Assuming this is correct, this sort of analysis is typically nice to
keep documented as as an implementation comment (`//`) somewhere
(instead of just in the mailing list or the commit message) -- would
that make sense?
> Using an enum would require keeping Rust's enum synced with the C side,
> as well as implementing some simple but non-trivial checks that the
> `type_` field is a valid enum value (and the valid range isn't
> continuous). I think that keeping it as an integer is simpler and better
> matches C side.
If this refers to the `ACPI_TYPE_*` constants, there seems to be a
comment in the C docs that requires it to be kept in sync already with
elsewhere, so perhaps it could be reasonable to add one more place to
sync? (Though I don't see the mentioned arrays from a quick grep?)

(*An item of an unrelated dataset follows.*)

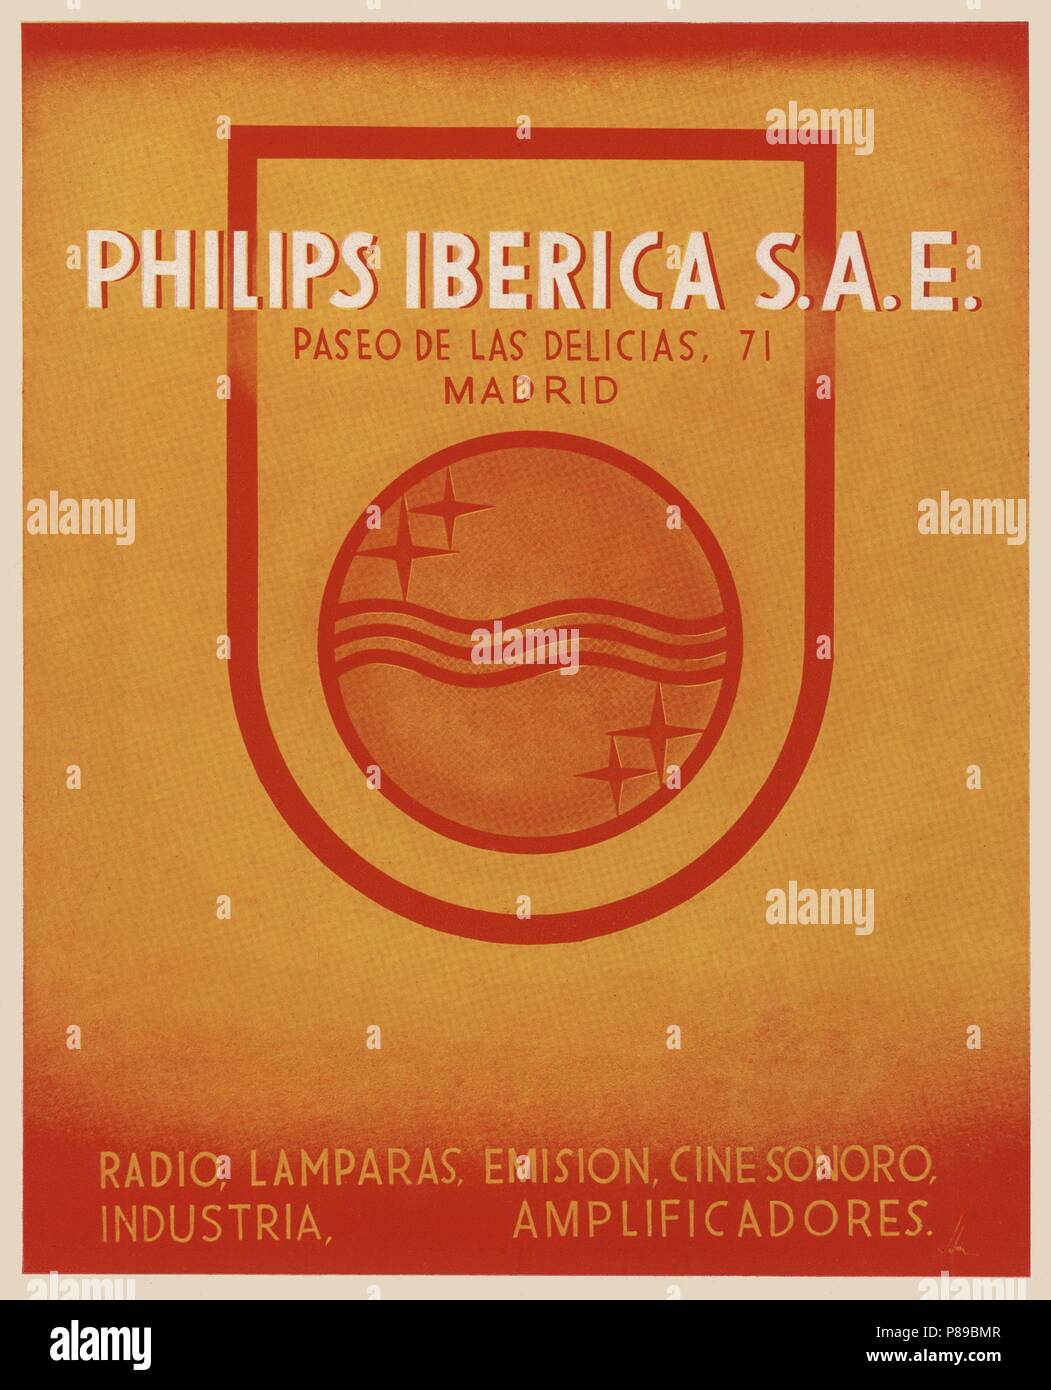 Publicidad. Philips Ibérica S.A.E. Madrid, año 1940 Stock Photo - Alamy

* NOTE: Types must be kept in sync with the global acpi_ns_properties
* and acpi_ns_type_names arrays.
Ideally, these would be actual `enum`s on the C side and then
eventually we should be able to have `bindgen` generate the new kind
of `enum` that keeps this in sync and generates those checks for us,
see my suggestion at:
Support a new "enum variant" kind, similar to `rustified_enum`, that
provides a safe method to transform a C `enum` to Rust.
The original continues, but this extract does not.